Sometimes there are extractions of TWO different output ratios and they may be shifted (top-line or center-line as examples both a 1.85 and a 1.78 (TV) are sometimes extracted when a larger canvas is available. VFX would have been instructed to work in the larger ‘protection format’ that the DP shot. (protect for 1.78 with a 1.85 cinema release.)

If these are not carried in a chain in a IMF, then point to point files for each of these steps is needed
and have to be managed for the history of the transforms applied. Some of these transforms are unique to a small number of frames, so you will still get some splitting of the AMF over time. I think
part of the goal is to recreate from ‘camera’ original the image transforms that get you to the current result both in color and size? True?

In general, it is far better to have exact IN and OUT pixel integers than to apply an approximate ratio that is never really correct. Sometimes they are cheated because the ratio is not important, the output deliverable is.


I’ve updated the XSD based on the discussion so far.

And the example

As another reason not to use ‘scaling factors’ but go right to the deliverable raster…
the aspect ratio for DCI Cinema is NOT 2.39 it is 2048x858 (or a 2.386946…:1)
Exact integer line placement is important.

Also for TV, it is not 1.78:1 but rather 1.77777777777…:1 (1920x1080)

All ratios you have heard about are non-deterministic and sometimes choices have to be made
about fitting in that are not standard… easy with integers, hard with ratios. Another example, some old films have to shown at 2.4 which was the actual projection ratio, at 2.39 there might be a splice appearing.

So for the same reason we should not use float positions, we should not use float scalers.

BTW, I am not talking about the centering or offsetting to get a frame in the middle for letter boxing or pillar boxing, or for odd formats or even for pan and scan, I am just referring to creating the working active image. The origin is ALWAYS going to be relative to the inputFrame size.

I think that the should always be able to describe what the flat image size is even if you are working on an anamorphic working frame.


Hi @JesseKorosi ,

sorry for the late reply, it has been a busy week.

I think both @walter.arrighetti and @jim_houston are better describing and clarifying my points. I like the <verticalScaling> and the <horizontalScaling> idea a lot, I think solves both unusual squeezing problems and pixel accurate scaling.

However, I don’t think it’s enough still. Please don’t hate me if I try once more (and one last time, I promise) to express my doubts.

Having @jim_houston mentioning “active image area” on his last email, gives me the chance to argue again on the need of two additional (optional) nodes to add to the framing tree.

My argument is mainly based on trying to clarify (mostly to myself) what is the aim of this framing metadata and what we refer to when we talk about extraction. I might be stating the obvious here and I’m sure you will all have considered the following points and I’m just overkilling this topic but, for the sake of trying to clarify what I have in mind, I’ll go further.
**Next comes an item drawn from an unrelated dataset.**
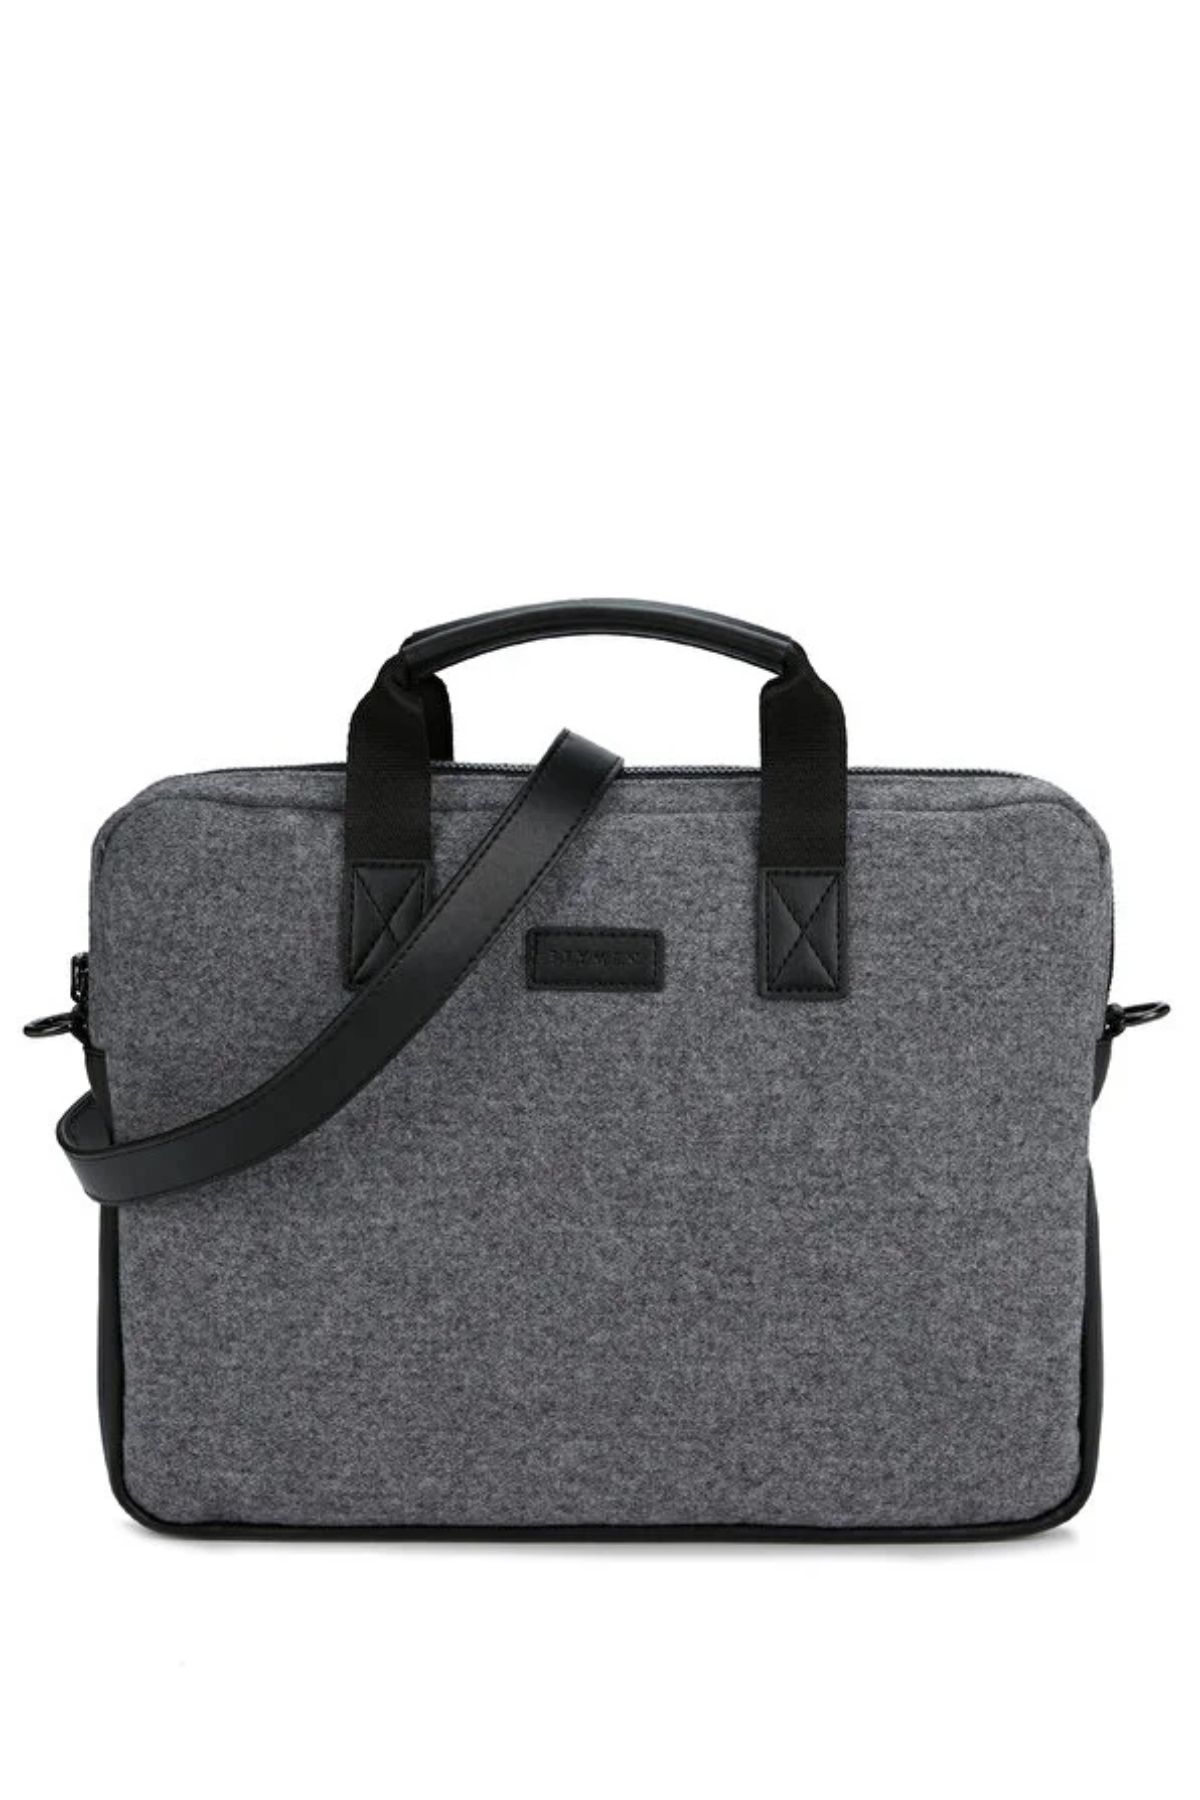 Beymen Gri 14 Inch Erkek Laptop Çantası - Evrak çantası
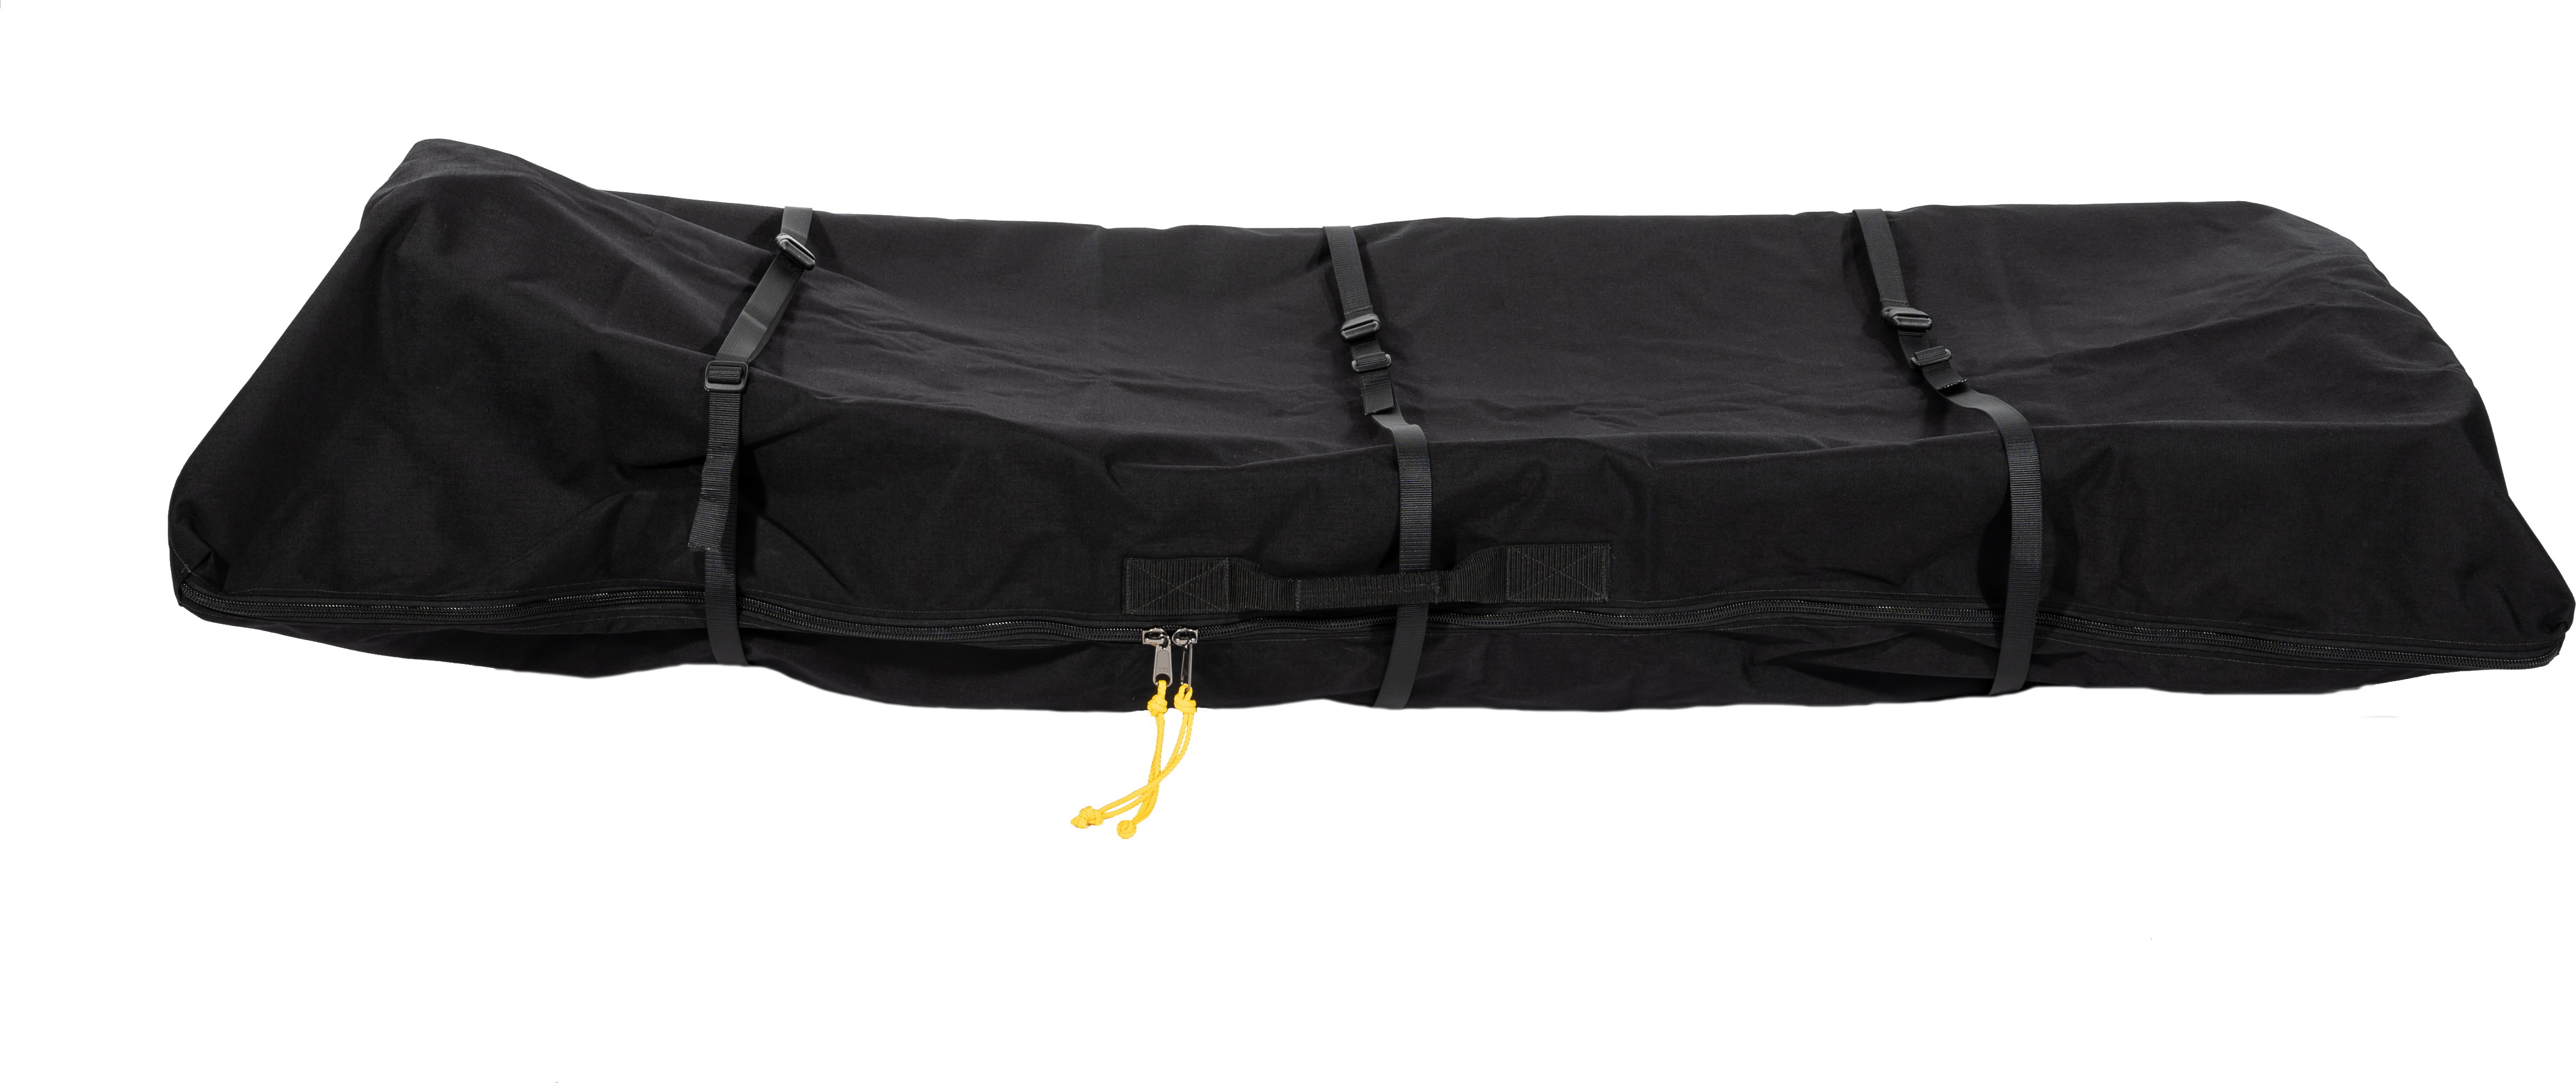 Transport bag For 170 cm Pulk

I think it’s very important to make a difference between how an extraction guide is used on set and how it is used in post.

I think we all agree that extraction guide lines designed for on-set purposes want to specify what the operator has to frame for on-set and not more., especially if the we aim to be able to translate those numbers into a camera-compatible frame-line file. In 99.99% of the cases operators only want to see what they need to frame for. Too many lines in the viewfinder make their life impossible, it distracts them.

The post-production framing, on the other hand, in my personal experience, specifies what the working image area should be, or -in other words- how a given frame should be processed to fit the current post-production stage. Most of the time (I would say 80% of the time) the extraction isn’t the target frame, but instead is how the image needs to be cropped and adjusted to, from which the target area is obtained after and within it. In other words, in post production we never crop for the target area, but rather for a larger working area.

I know that different AMF will be generated for different stages of production, therefore the concept of extraction can vary from set to post from what is the target area to what needs to be pulled for VFX or DI, but still I think that one single instruction to define a frame and a working area isn’t enough. I strongly believe there is a need of a multi-layer system.

If this framing metadata wants to automate post-workflows I think it needs to account for these instructions:






We got the first three nailed down, allow me to argue that we need the forth one to make the whole thing working and possibly the fifth one to account for every scenario I ever had to deal with.

  • TARGET AREA: I previously referred to it as “blanking” instruction, but after reading Jim and Walter’s post I think we could refer to it as “target area”. Conceptually they are two different approaches to get to the same result: once an image has been cropped and scaled, we use this instruction to tell the software what portion of the frame matches with what has been framed on set. Implementations will then leave the software/user to decide what to do with it (blank it, make a reference line, create a different canvas). This is what will be used on set to calculate the frame lines as well.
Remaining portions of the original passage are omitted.